## TASK DESCRIPTION
Shown below is a listing with pictures; reproduce exactly, and only, the lines between the ones containing "Radgedrehte Keramikvase /" and "Als Teil seiner", inclusive, leaving the pictures out.

## GIVEN DATA

++++++++

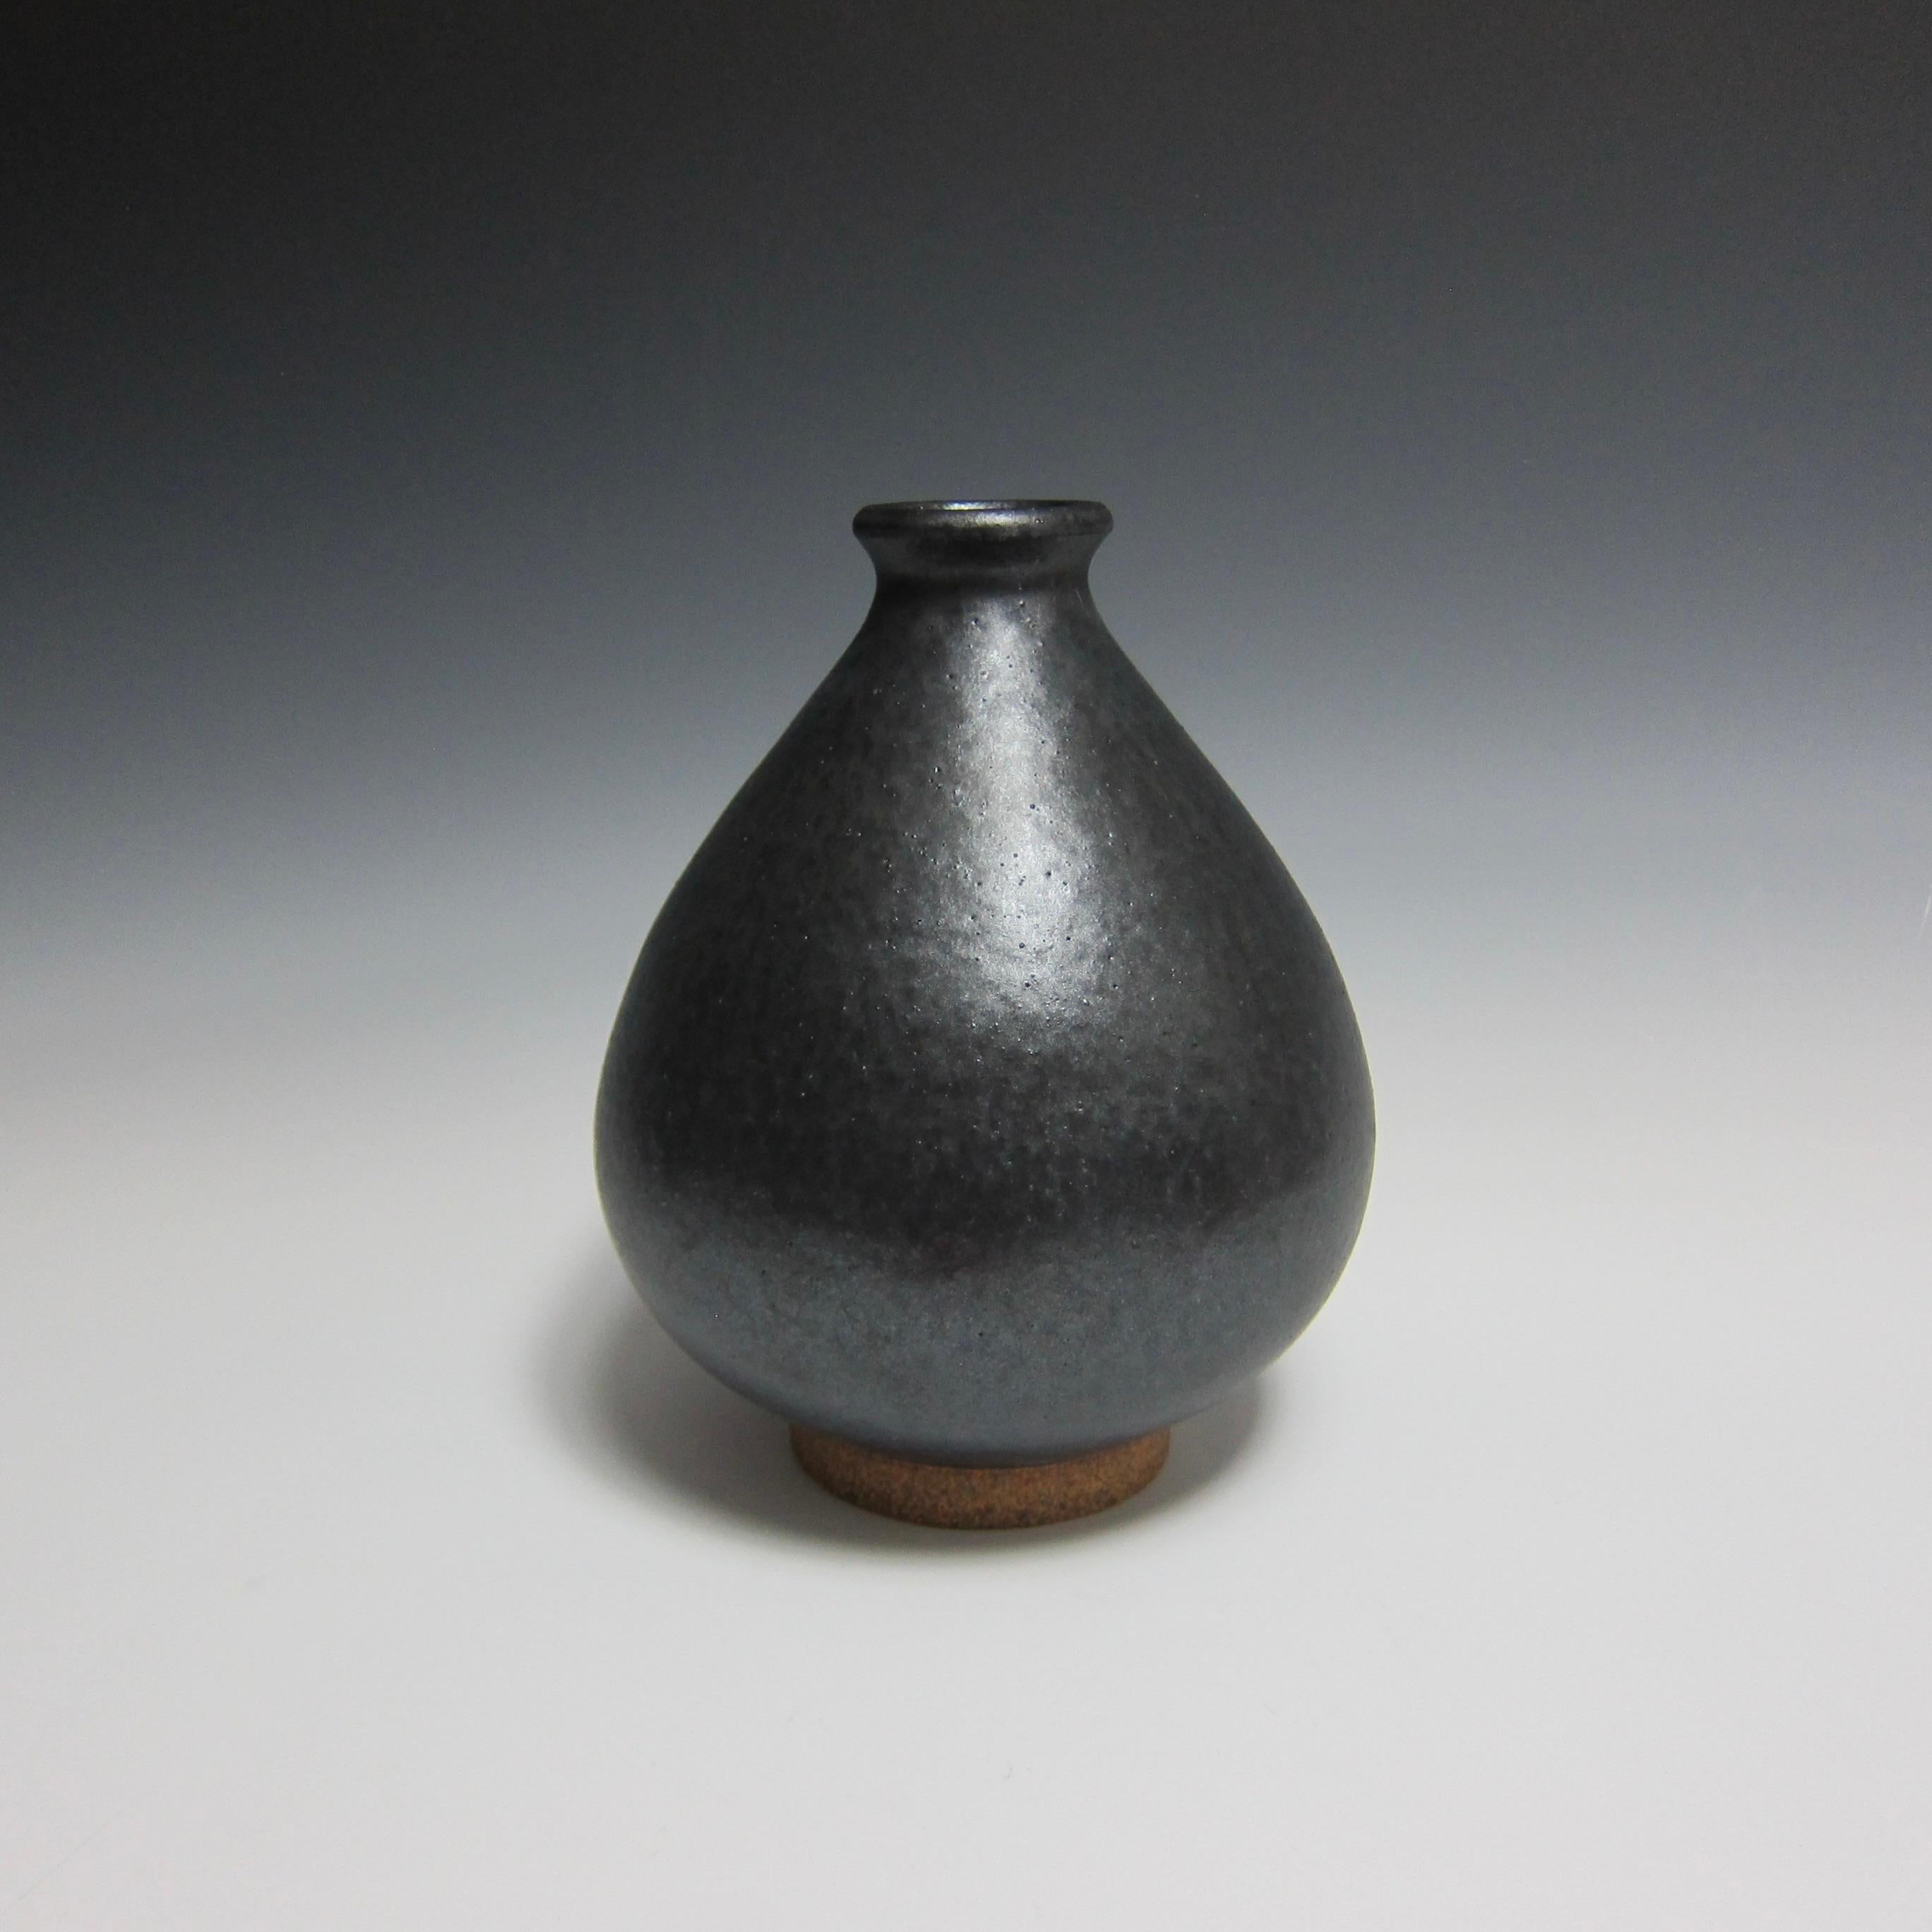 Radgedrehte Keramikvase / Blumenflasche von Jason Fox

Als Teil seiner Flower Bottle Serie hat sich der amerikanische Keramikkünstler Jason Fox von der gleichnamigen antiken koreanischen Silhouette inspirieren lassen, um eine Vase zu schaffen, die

++++++++

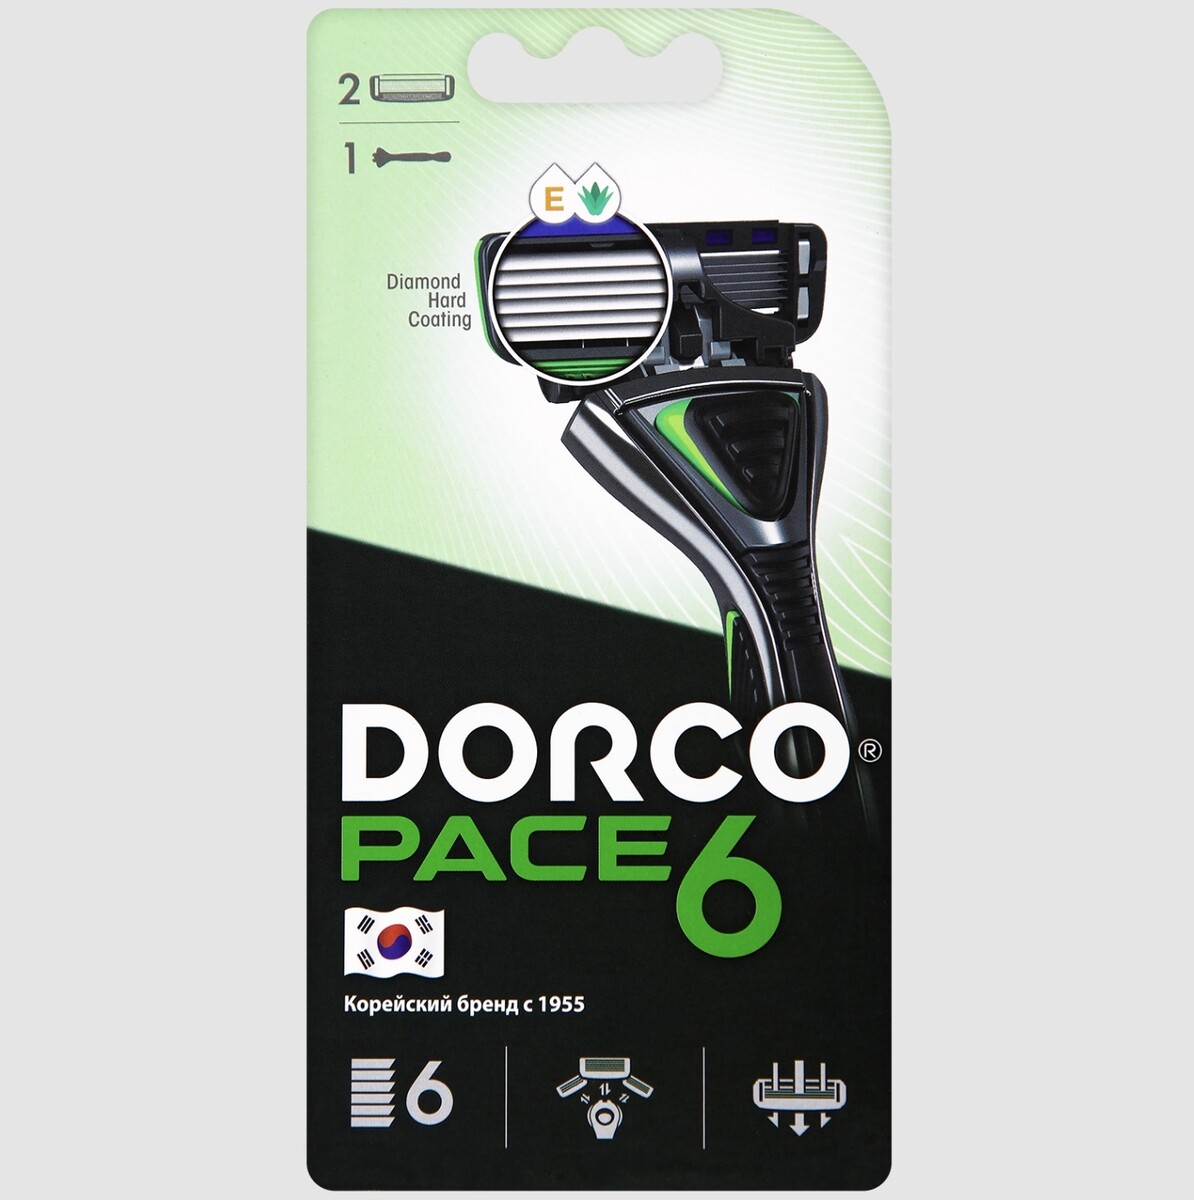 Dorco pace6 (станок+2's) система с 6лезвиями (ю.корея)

++++++++

## TASK SOLUTION
 Radgedrehte Keramikvase / Blumenflasche von Jason Fox

Als Teil seiner Flower Bottle Serie hat sich der amerikanische Keramikkünstler Jason Fox von der gleichnamigen antiken koreanischen Silhouette inspirieren lassen, um eine Vase zu schaffen, die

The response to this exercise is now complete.